■ **PROBLEM DESCRIPTION**: Look below for the line that has "Vista previa de"; output exactly from it through the line that has "Alpaca T-shirt Design", and leave the pictures out.

■ **MATERIAL SHOWN**:
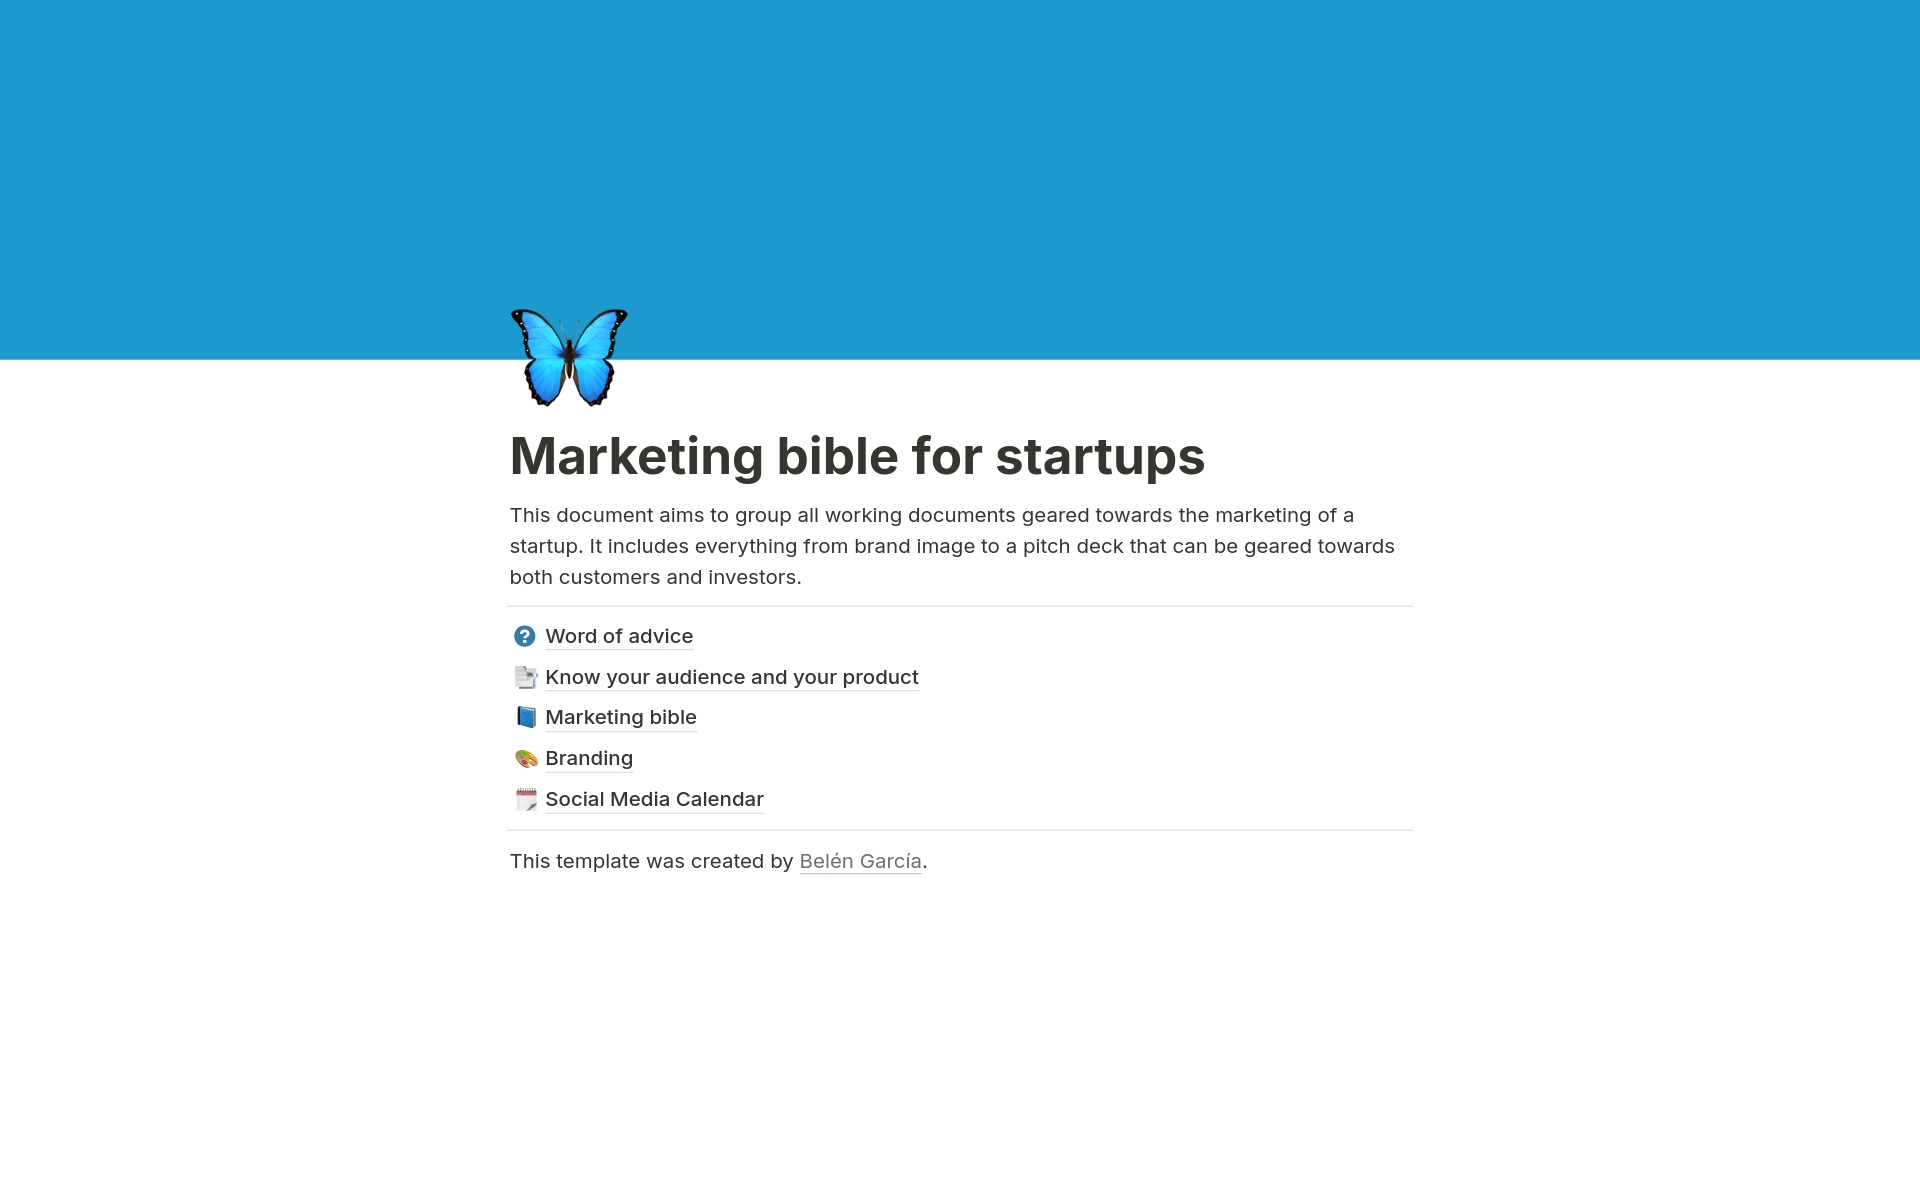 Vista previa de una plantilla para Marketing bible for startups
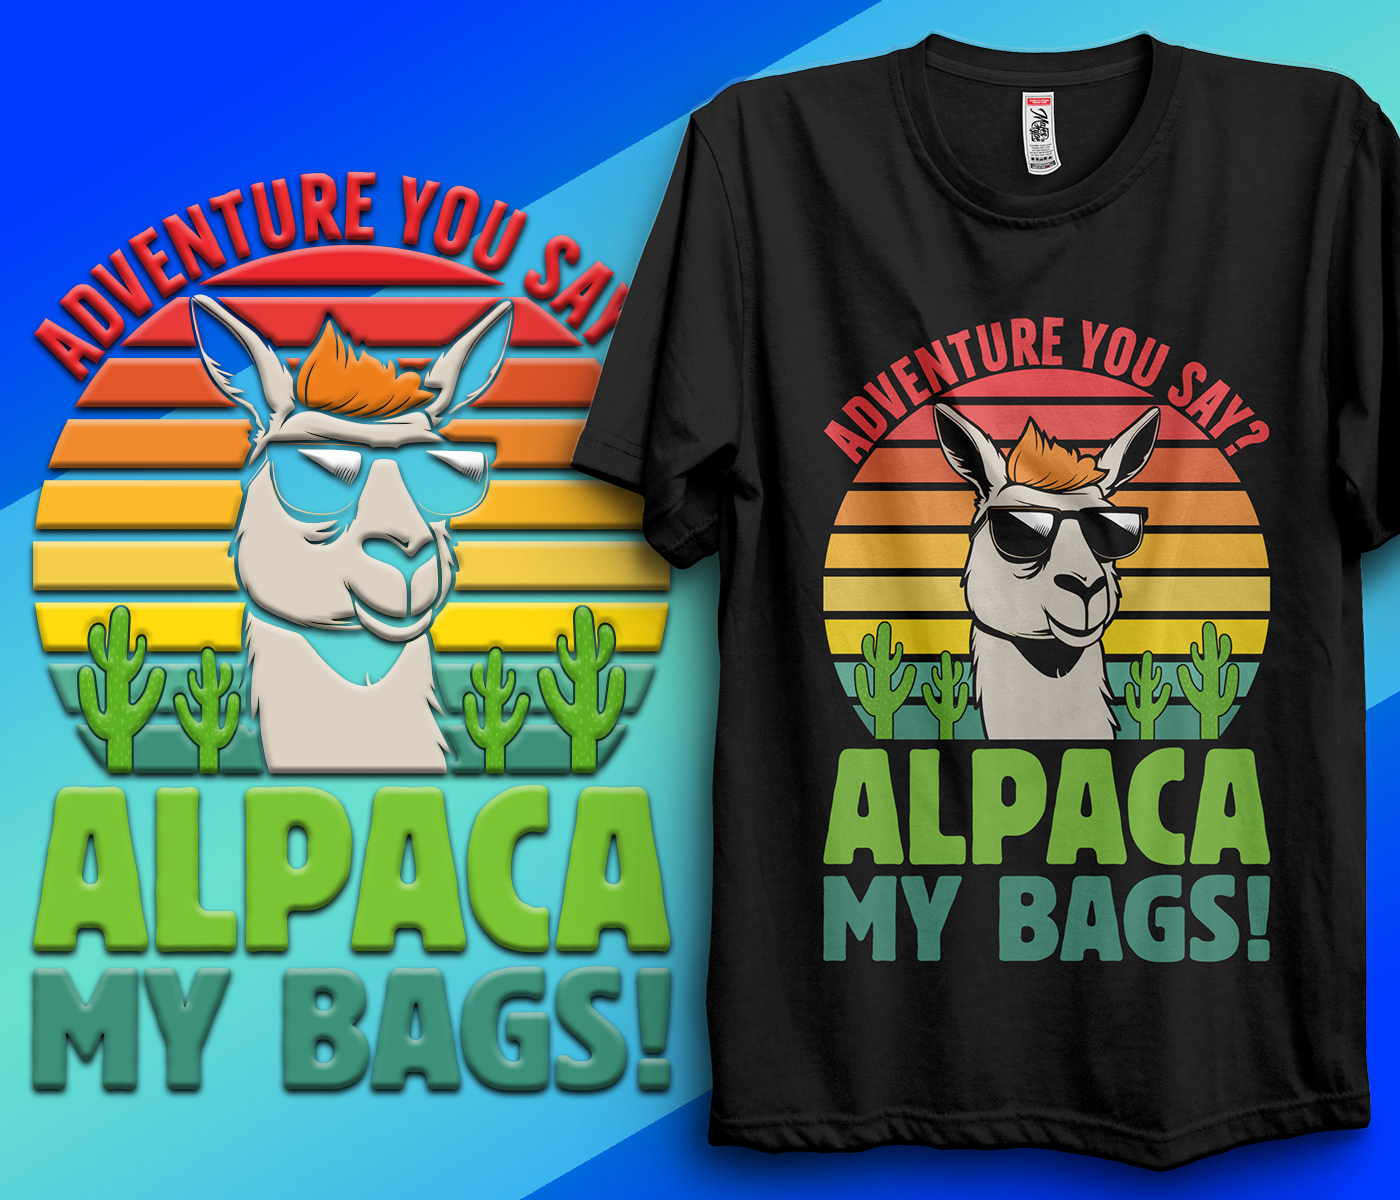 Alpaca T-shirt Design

--

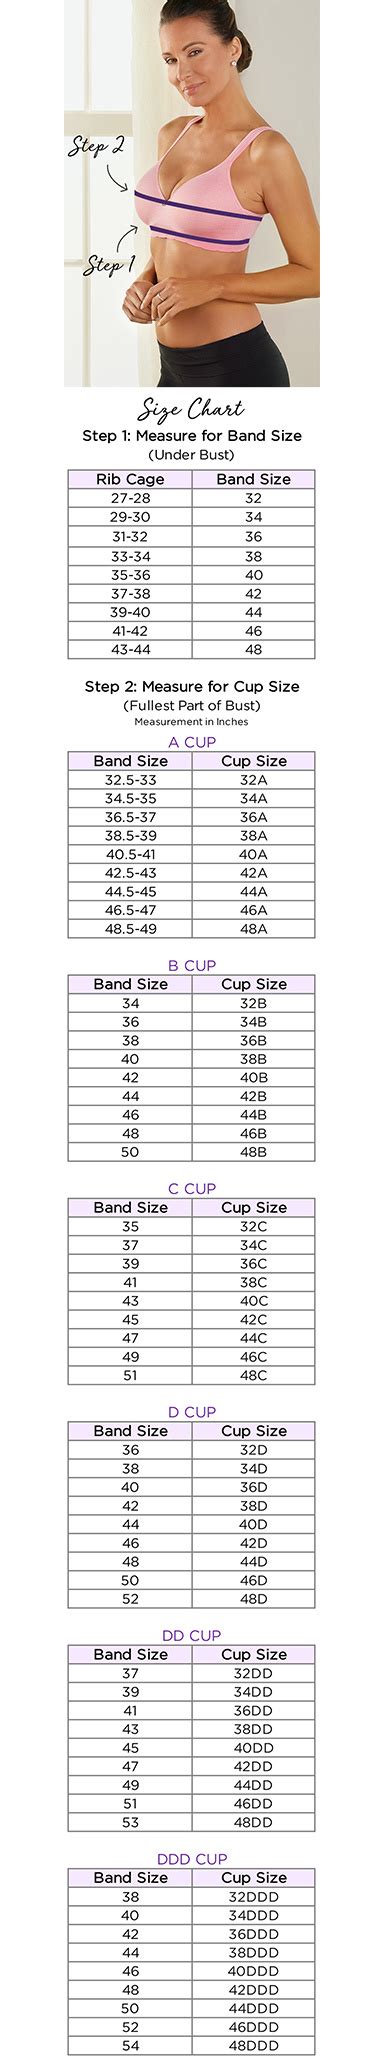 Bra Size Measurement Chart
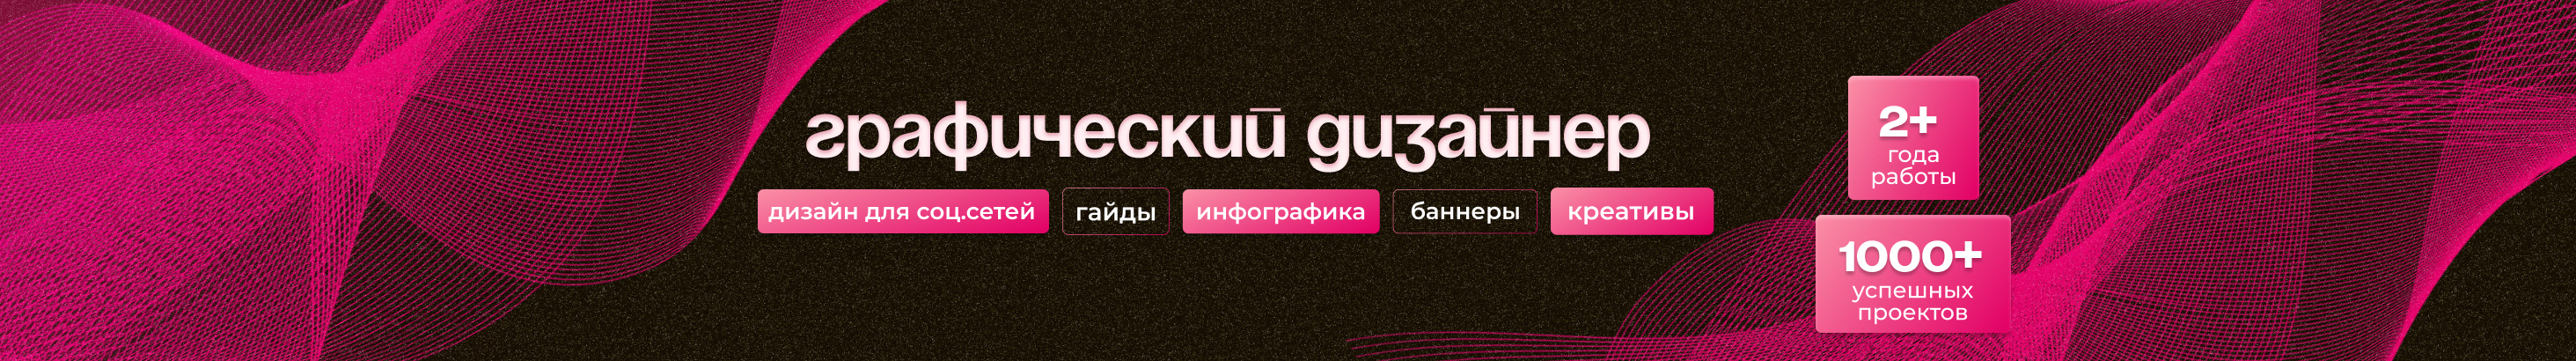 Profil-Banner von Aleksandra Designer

■ **WRITTEN REPLY**:
 Vista previa de una plantilla para Marketing bible for startups
 Alpaca T-shirt Design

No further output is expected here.